:: Problem description ::
Take the records below and set down exactly the lines from the one with "Strategia De Dezvoltare" to the one with "Shimano SLX M7000 11 Speed Left Hand Shifter", ends included; do not copy the pictures.

:: Data to use ::
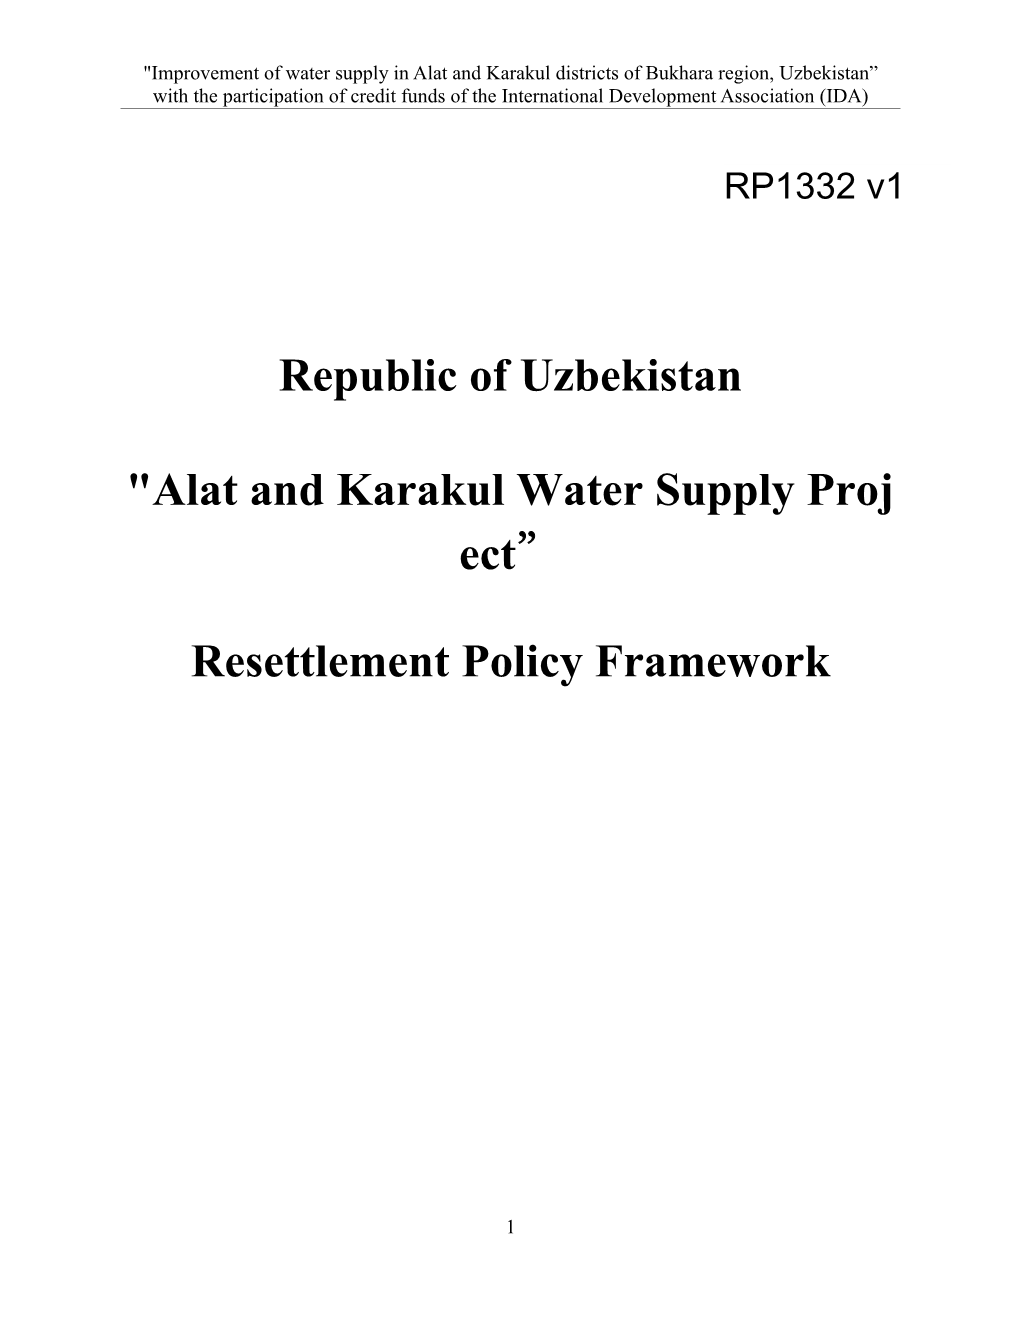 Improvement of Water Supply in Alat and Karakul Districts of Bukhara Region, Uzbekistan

---

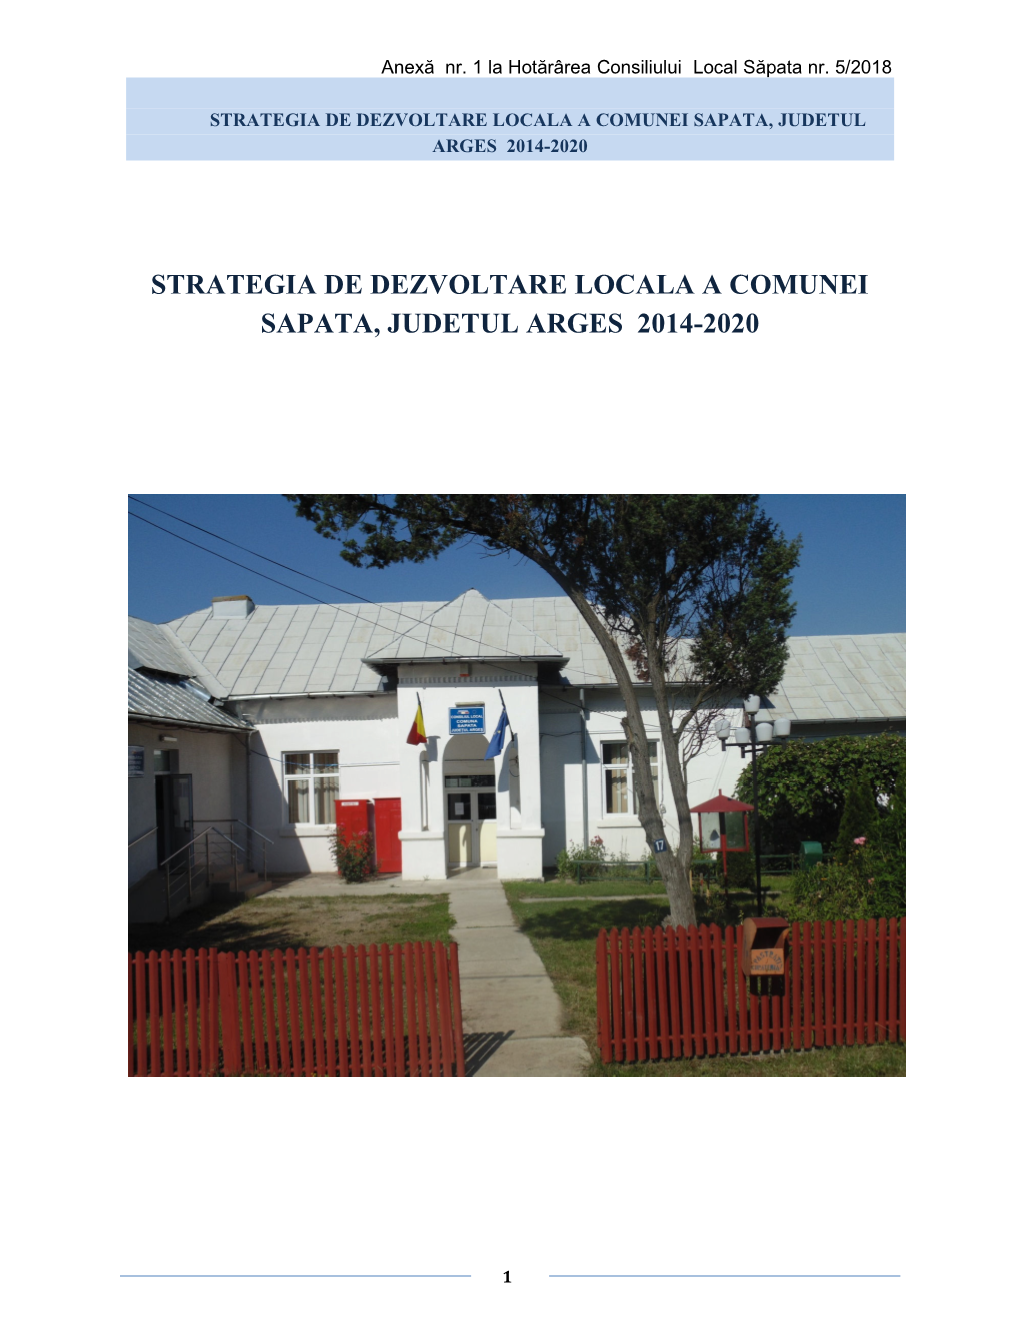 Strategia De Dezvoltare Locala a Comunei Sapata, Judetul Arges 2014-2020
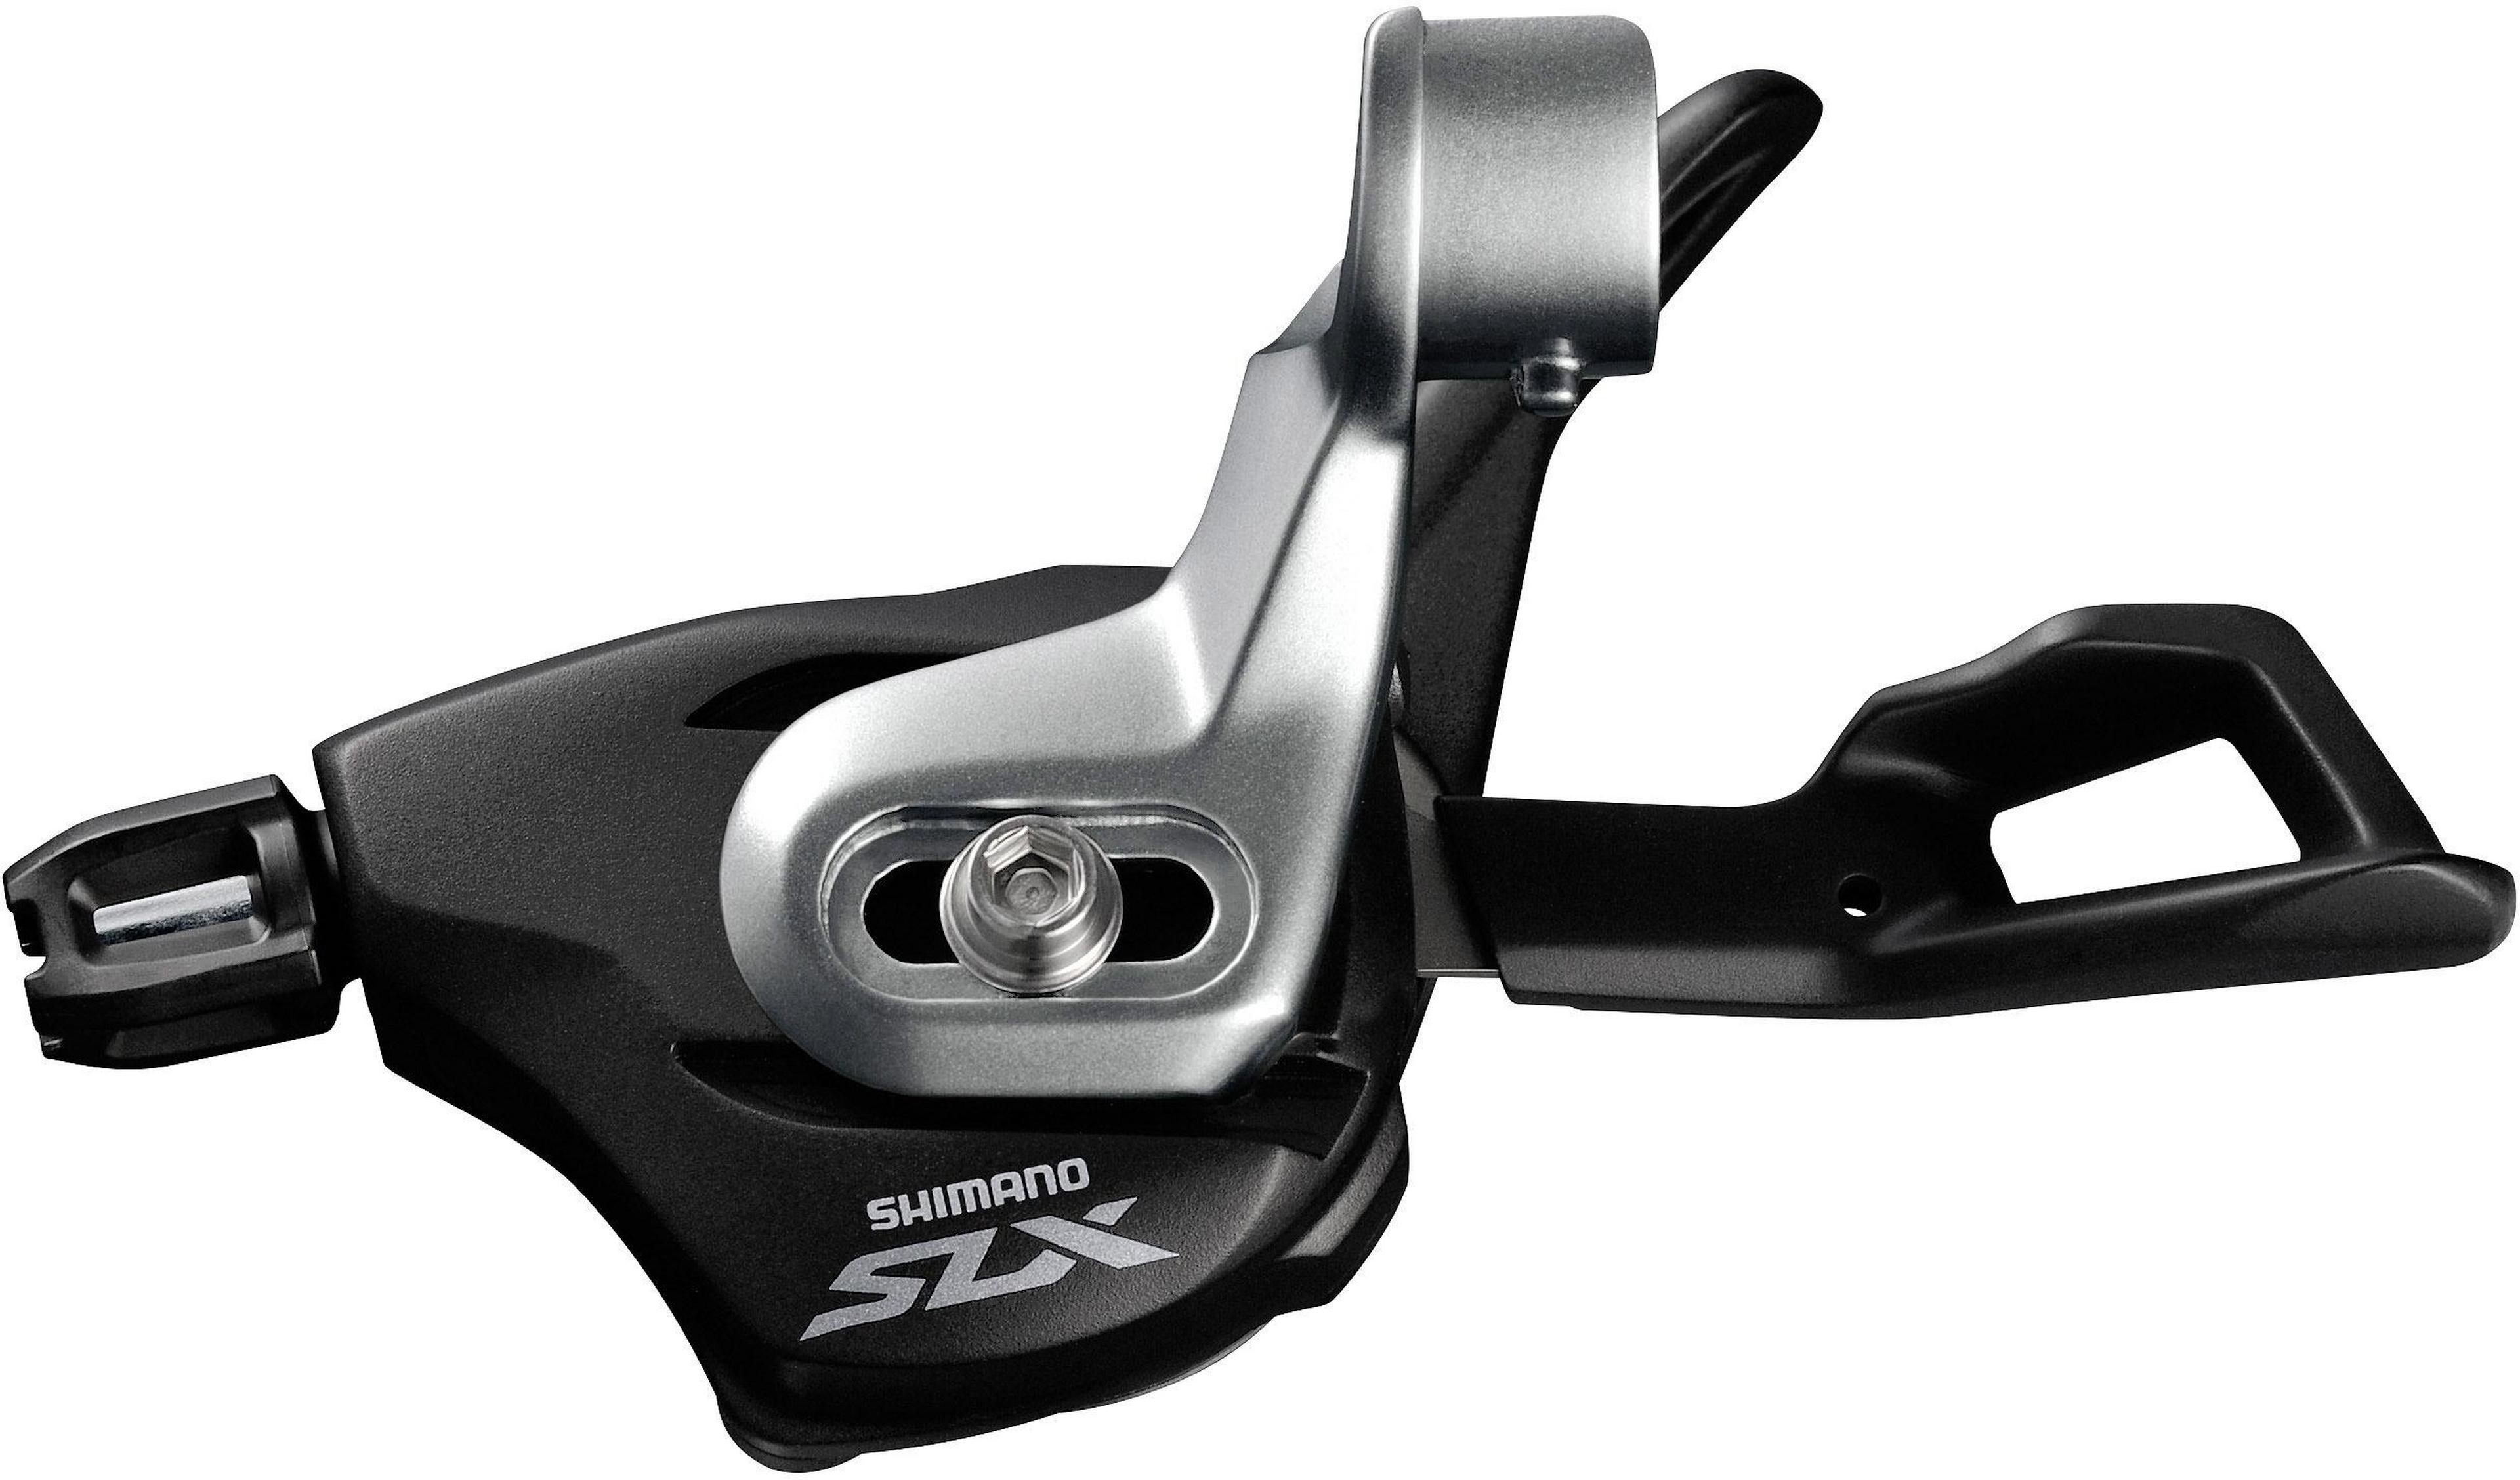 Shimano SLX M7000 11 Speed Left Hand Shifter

:: Solution to the problem ::
 Strategia De Dezvoltare Locala a Comunei Sapata, Judetul Arges 2014-2020
 Shimano SLX M7000 11 Speed Left Hand Shifter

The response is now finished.